Eyeo2012 – Jennifer Pahlka

“Jennifer Pahlka is the founder and executive director of Code for America. She recently served as the U.S. Deputy Chief Technology Officer in the White House Office of Science and Technology Policy, where she architected and helped found the United States Digital Service. She is known for her TED talk, Coding a Better Government, and is the recipient of several awards, including MIT’s Kevin Lynch Award, the Oxford Internet Institute’s Internet and Society Award, and the National Democratic Institute’s Democracy Award. She spent eight years at CMP Media, where she ran the Game Developers Conference, Game Developer magazine, Gamasutra.com, and the Independent Games Festival.

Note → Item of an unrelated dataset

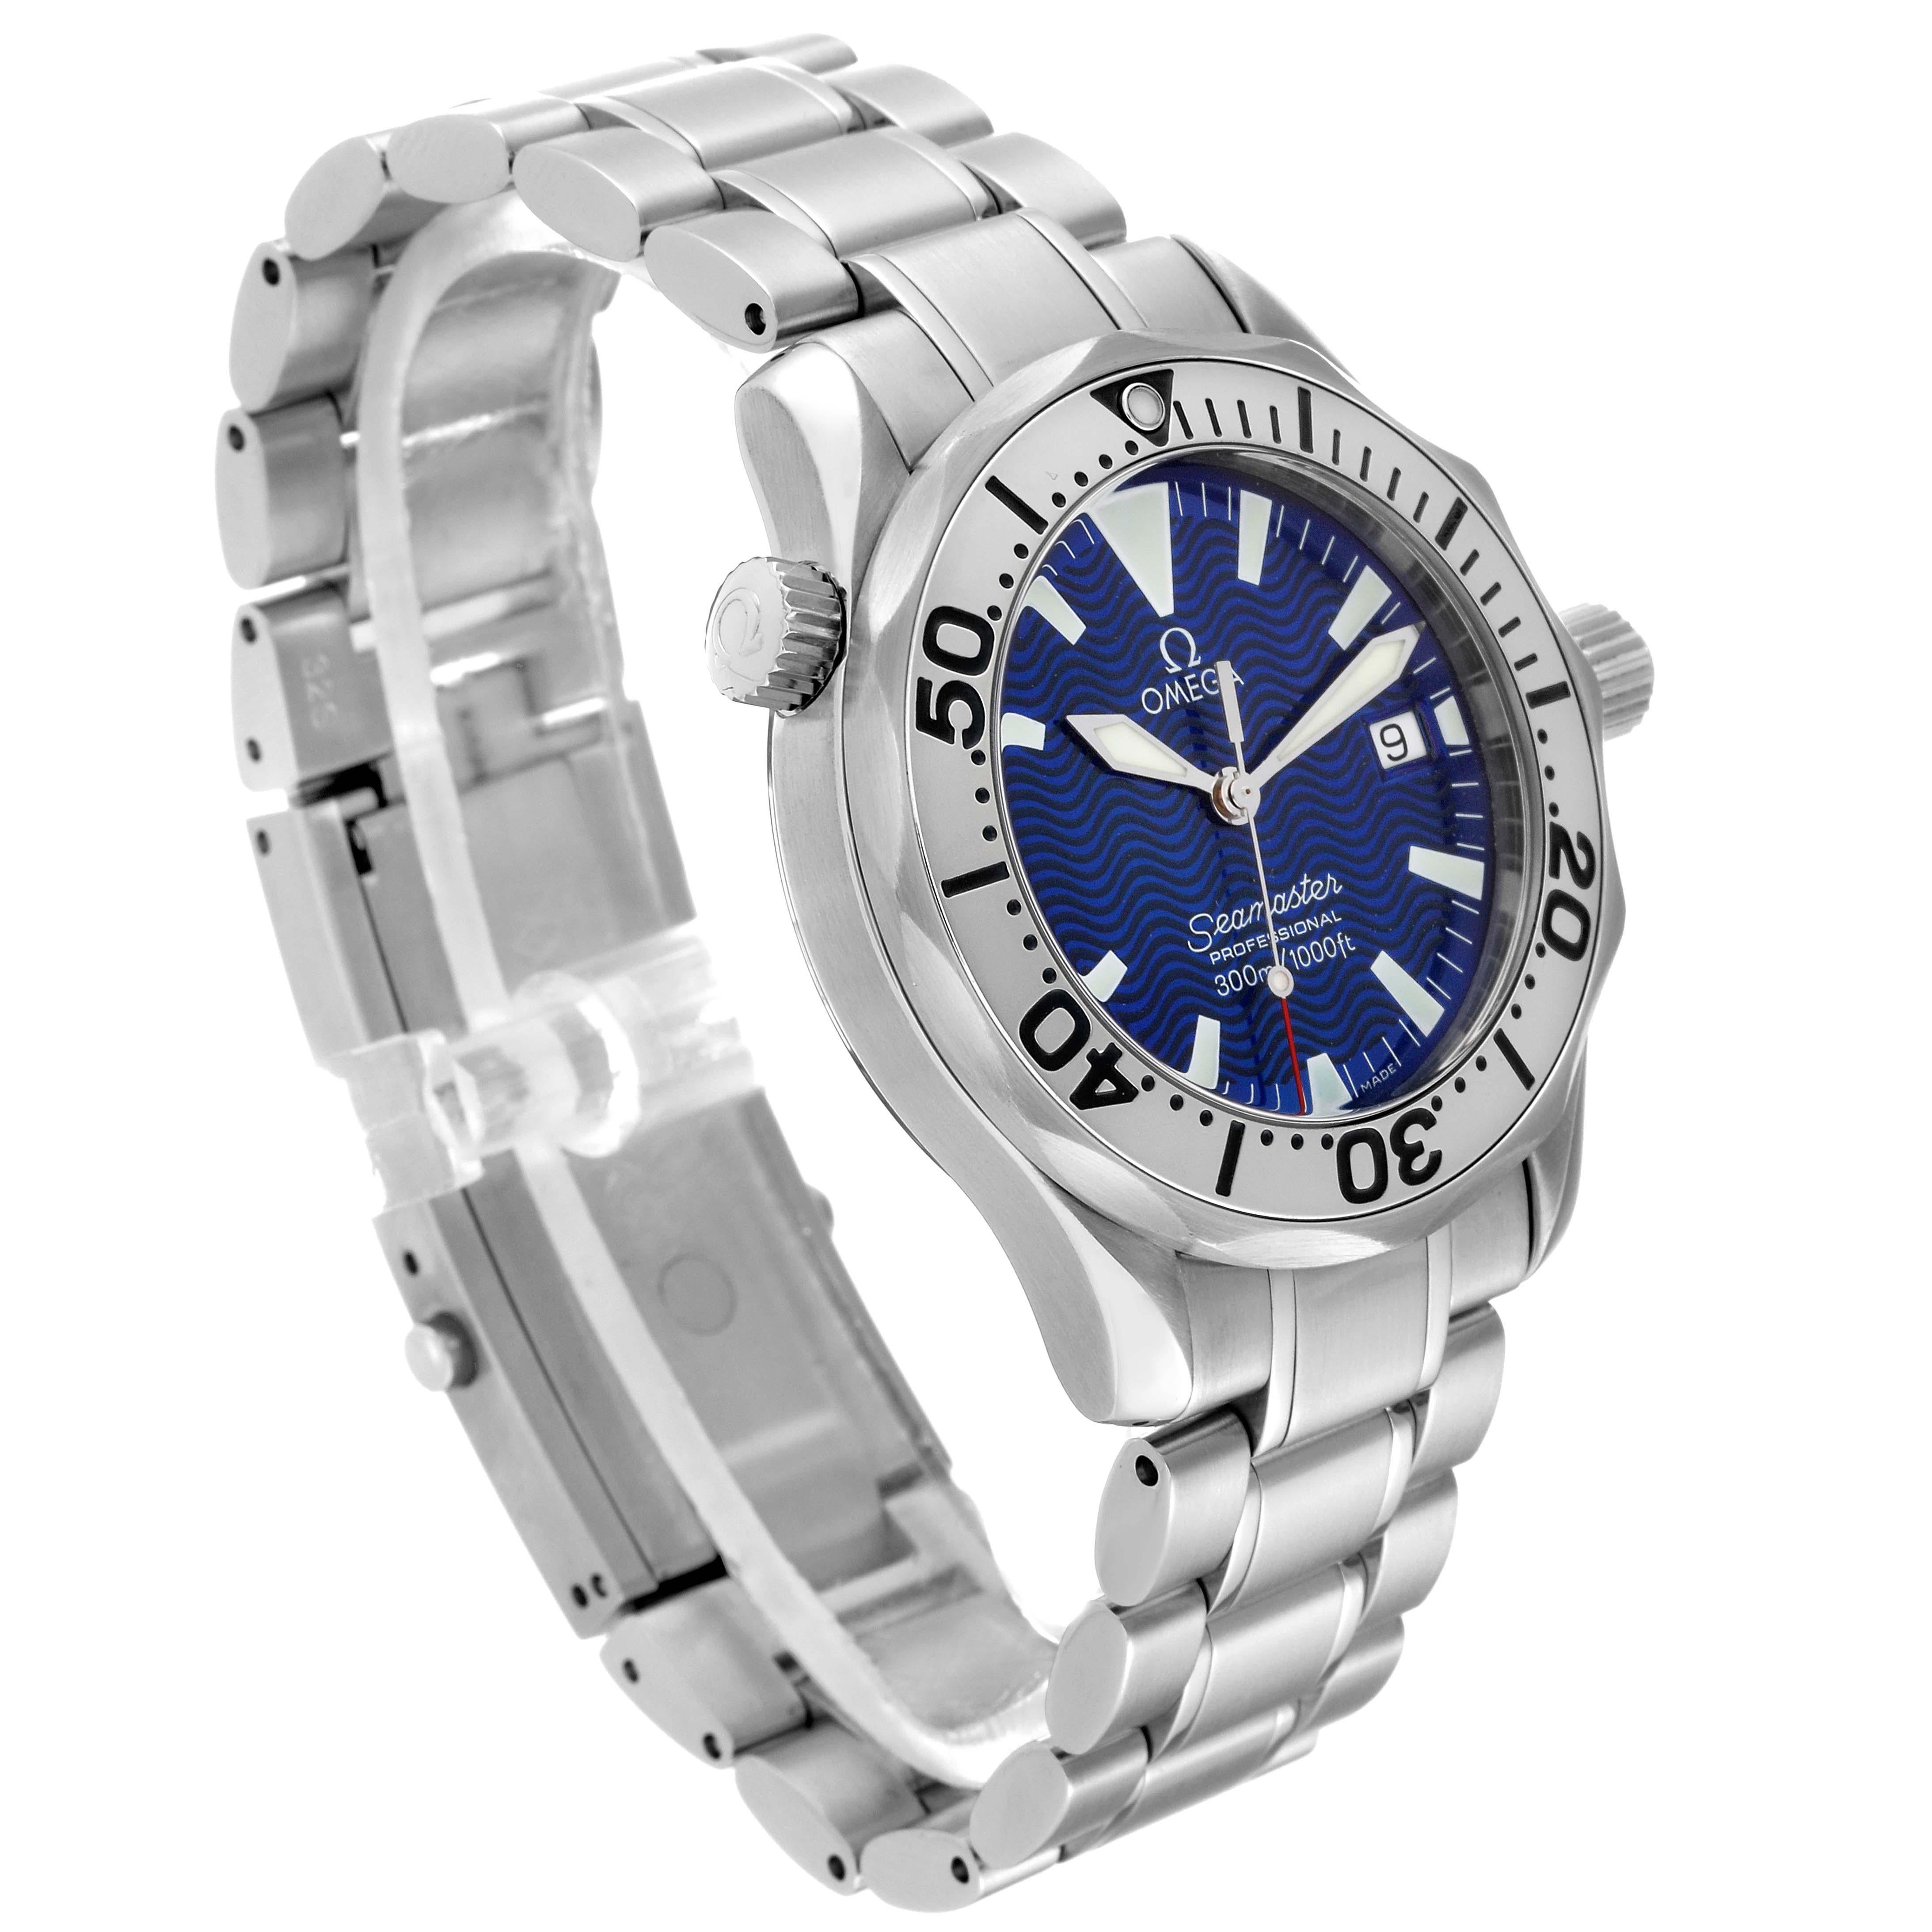 Omega Seamaster Electric Blue Wave Dial Midsize Steel Mens Watch 2263.80.00 1

Previously, she ran the Web 2.0 and Gov 2.0 events for TechWeb, in conjunction with O’Reilly Media. She is a graduate of Yale University.” This is the website for code of america:

I appreciate one that she is a woman in tech. She also works to bridge the gap with the government and technology advancements. By using crowd sourcing, she bridges the gap between policy making and data driven information.Jennifer talks about how Code for America re-thinks, and re-makes our interactions with government, and why. I admire her approach to making design applicable to all aspects. Theres several areas where design can be used to make experiences more efficient. This is clearly one of them.

Its important for our government to be well informed. Tech can take away the lengthy process for the government to access information.